Print Friendly, PDF & Email

In this special guest feature, Srikant Menon, Practice Director of Internet of Things (IoT) at Happiest Minds Technologies, discusses how it is imperative for businesses to balance the massive benefits of IoT along with the security risks it poses. While millions of “things” are simple in nature, IoT security is an absolute must and should require an end-to-end approach. Srikant has over 15 years of experience in IoT Practice Development, Strategy, Consultancy, Product Development in Digital Technologies with strong Project Management, Team Leadership & Customer Interaction skills. He is passionate about combining design and technology to execute business goals with energetic start-up attitude and entrepreneurial drive. His goal is to help Enterprises use the power of design and technology to create a positive impact in their operations, customer engagement and business model innovation. Srikant has experience in applying IoT in industries like manufacturing, supply chain management, healthcare etc. globally.

The Digital Age has ushered in a new way of thinking in economies around the world and Internet of Things (IoT) is one of the fastest emerging ecosystems that delivers significant business benefits valued at trillions of dollars across industries. IoT is already impacting how goods are produced and distributed, how products are refined and serviced etc. due to the explosion of data generated by millions of devices, the growth of cloud and the access of integrated real-time information in the palm of the consumers. According to McKinsey, IoT has a total potential economic impact of $3.9 trillion to $11.1 trillion a year by 2025.

As more businesses undergo digital transformations and increasingly see value in IoT, the number of “things” too has increased dramatically. This year alone, Gartner forecasts, that nearly 8.4 billion connected “things” will be in use worldwide. The rise of IoT has also put a lot of focus on security. With businesses on target to employ 3.1 billion connected things in 2017, IoT networks are vulnerable to attacks by hackers. Even as companies are moving from demos and prototypes to undertaking large-scale deployments, they have not thought about end-to-end security when it comes to IoT.

Data breaches in an IoT network can have two major impacts: firstly, it can result in injury or lead to loss of human life. Ransomware attacks in healthcare are a perfect example of how hackers can control the access to medical records, putting the patient’s life at risk.
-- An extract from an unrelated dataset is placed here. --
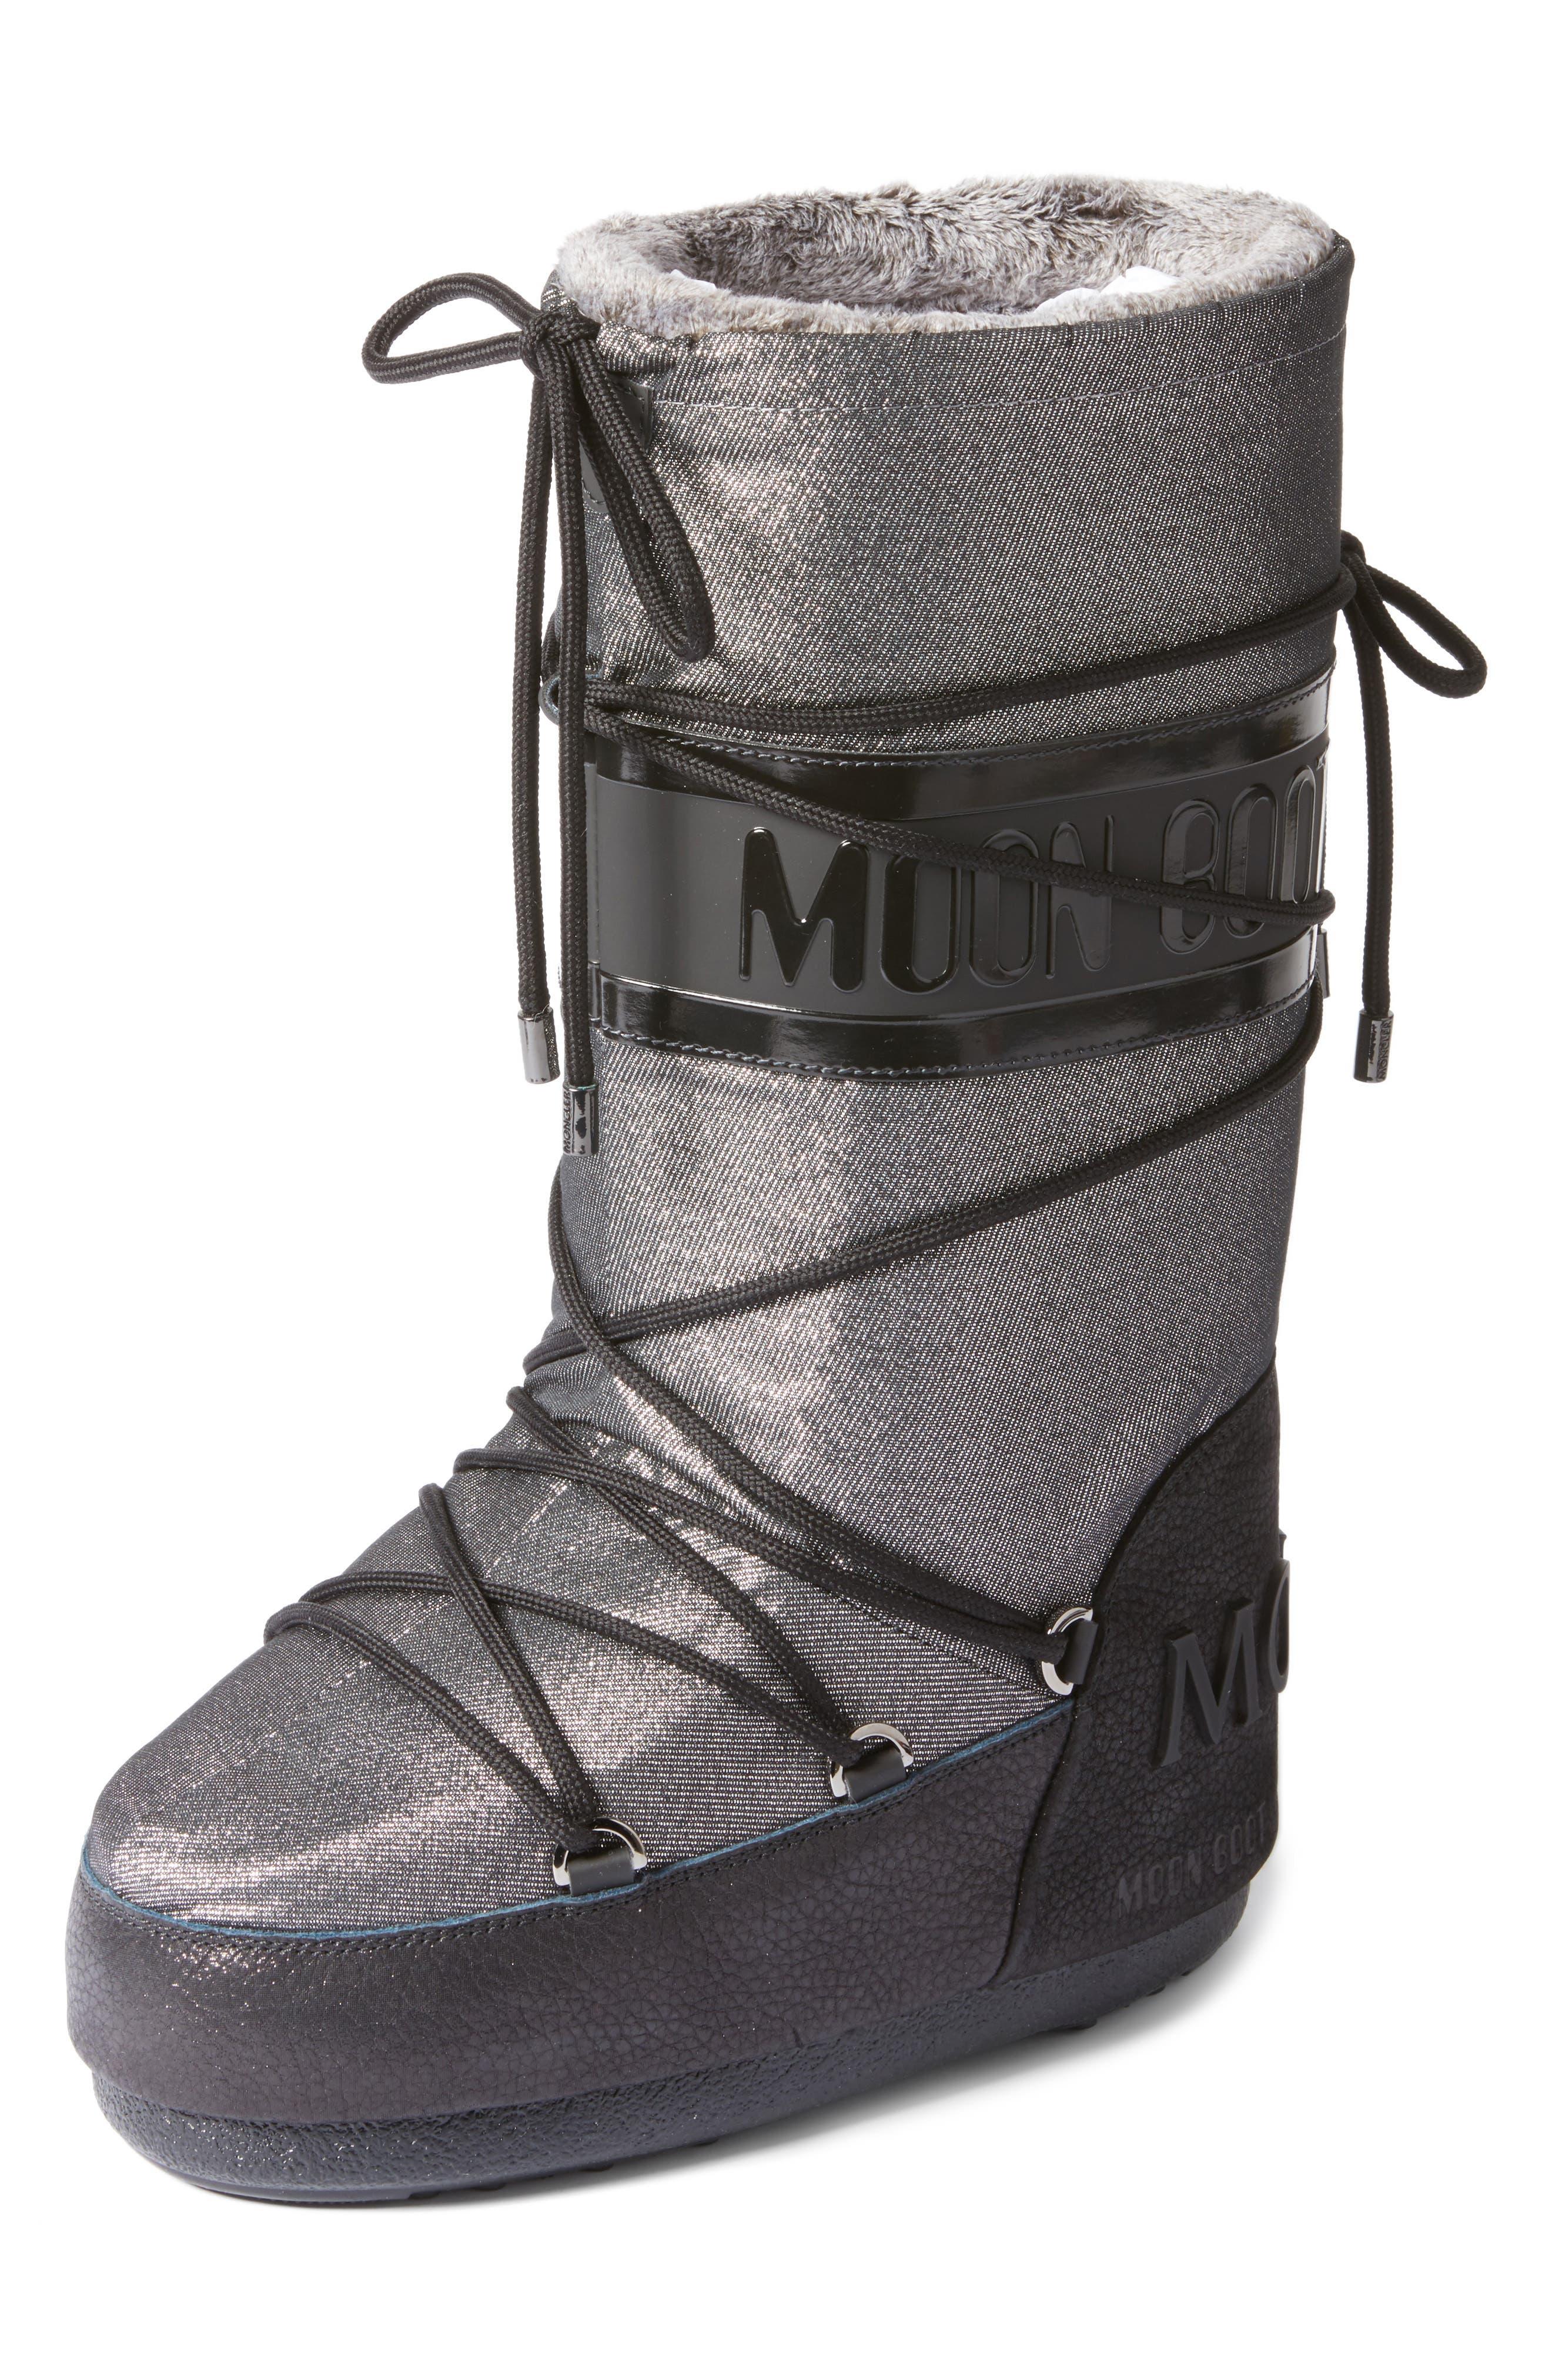 Alternate Image 1 Selected - Moncler Saturne Moon Boot (Women)

Ransomware attacks more than quadrupled to 200 in 2016, with nearly half happening in the healthcare sector, according to Beazley Breach Insights.  One of the major ransomware attack this year was WannaCry which affected major organizations including hospitals and public amenities.

Secondly, sensitive data could be disclosed as unsecured IoT devices can act as pathways to penetrate business network defenses as well as become slave nodes themselves. In October 2016, DNS provider Dyn was struck by malware known as Mirai in two large and complex Distributed Denial of Service (DDoS) attacks, the largest of DDoS attacks in history. A significant volume of attack traffic originated from Mirai-based botnets and it infected 100,000 devices including cameras and DVRs, affecting access to many websites. Other major attacks include Target, Sony Pictures Entertainment, Anthem, JPMorgan, OPM and Sears. No doubt, DDoS attacks are on the rise and will cost enterprises a minimum of $2.5 million each every time an attack takes place.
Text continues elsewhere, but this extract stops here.